Galerie photo © Caroline de Otero
Une chorégraphe à suivre
Traversée d’images médiévales et de jeu expressionniste, parfois portée par des musiques rappelant Kurt Weill (mais signées Patrick Soluri), cette Nuit sans matin révèle aussi une spécificité du système allemand, où les compagnies locales ne tournent pratiquement pas. Aussi l’énorme cadre carré, mobile et suspendu au-dessus des danseurs, sans doute censé représenter la puissance des cieux, semble surdimensionné par rapport au format terrestre de ce ballet, sans jamais réussir à incarner une dimension mystérieuse. Si l’énorme objet, certes démontable, trouve facilement sa place dans les réserves du Staatstheater, il n’est pas forcément conçu pour faciliter les tournées.

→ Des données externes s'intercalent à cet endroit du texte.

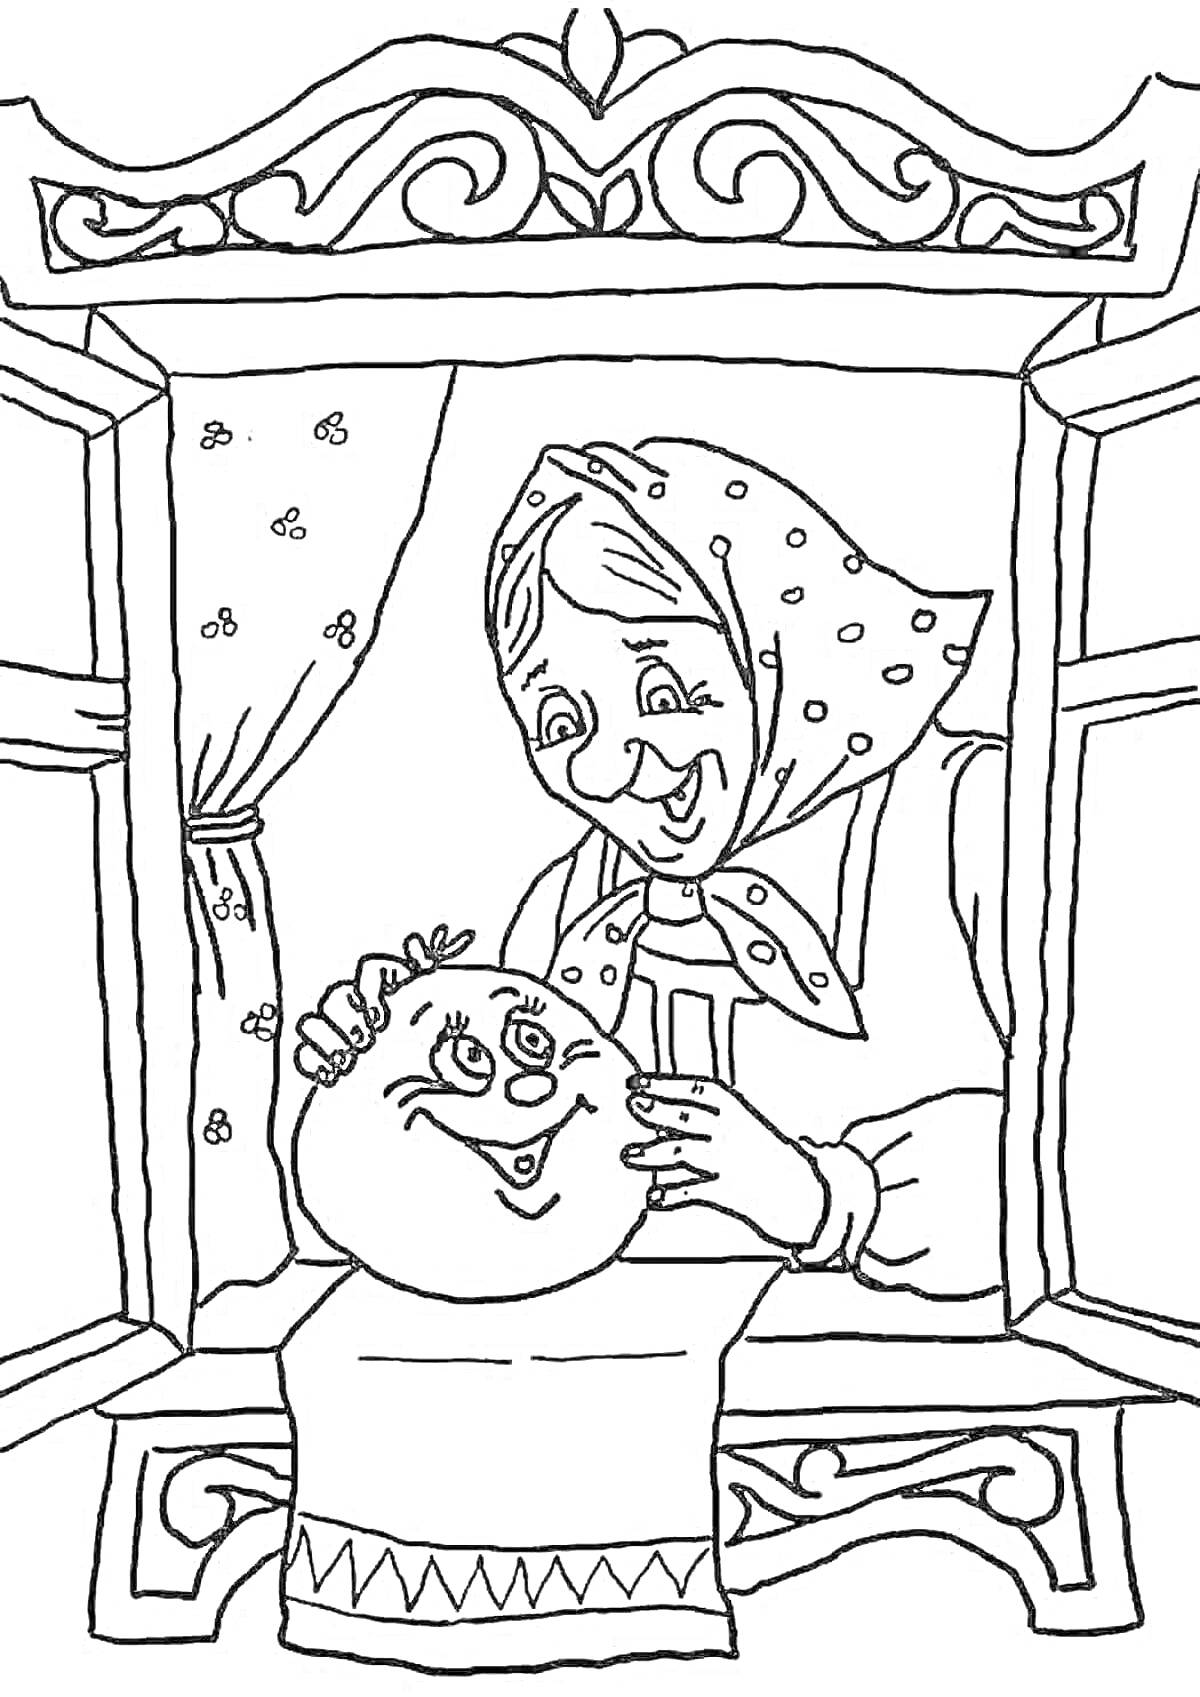 Раскраска Бабушка и колобок у окна
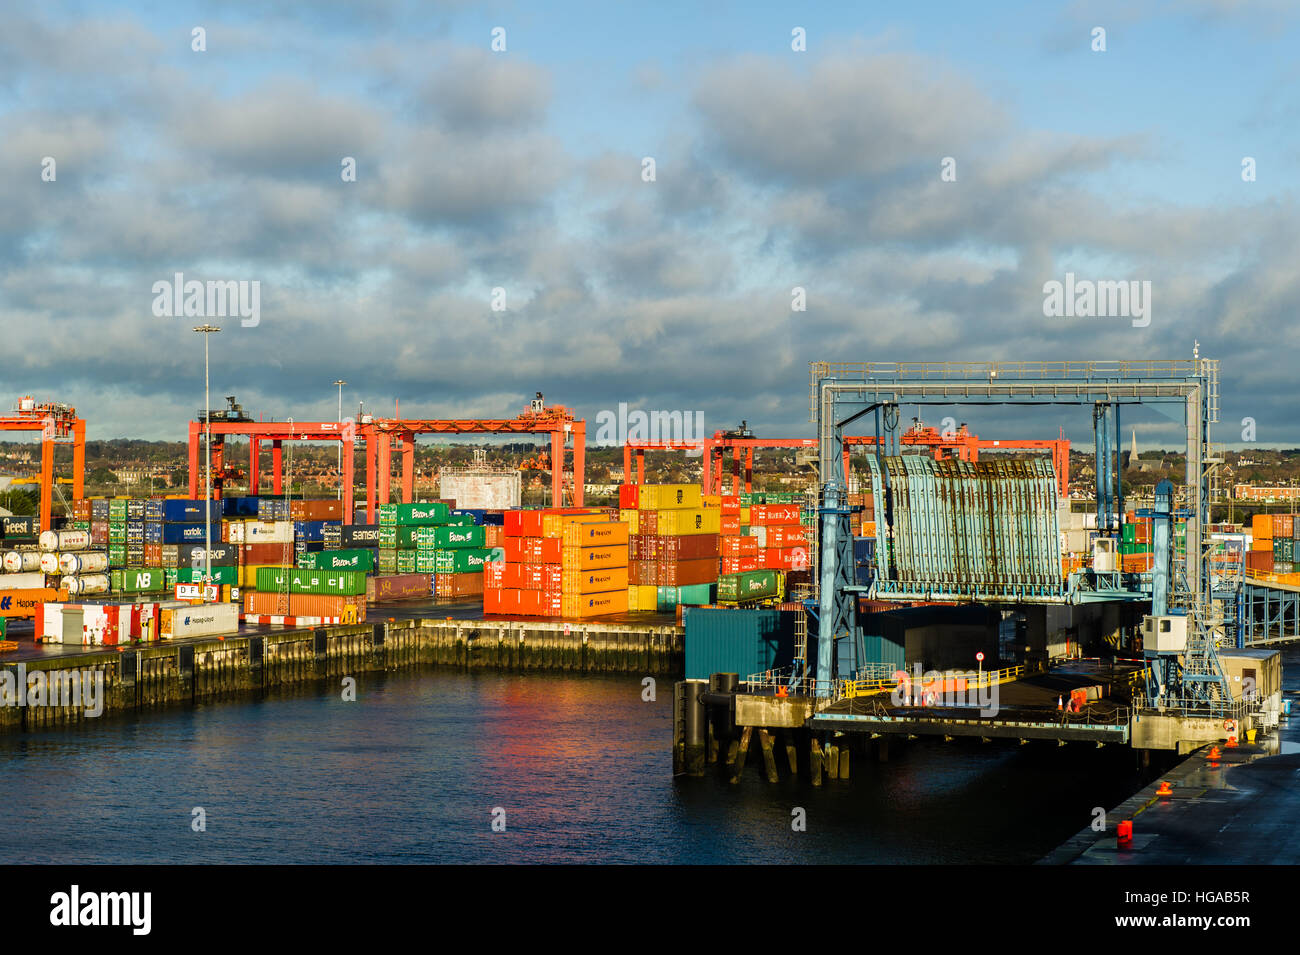 Hafen von Dublin, Dublin, Irland mit einer Autofähre Rampe, Kräne und Container mit kopieren. Stockfoto

Plus sournoisement, ce sont les dimensions du plateau et de la salle à la Gare du Midi de Biarritz qui ont révélé les lacunes dans une écriture qui peine à imposer ses motifs et sa composition avec la force nécessaire. Mais le langage visuel, les expressions, les compositions corporelles, le travail sur pointes très personnel et le langage gestuel montrent le talent de Xenia Wiest qui ne demande qu’à s’affirmer davantage. En signe d’espérance, la pièce s’achève en révélant non seulement une grande tendresse de la mort pour ses victimes mais aussi que Wiest semble bel et bien promise à une carrière intéressante.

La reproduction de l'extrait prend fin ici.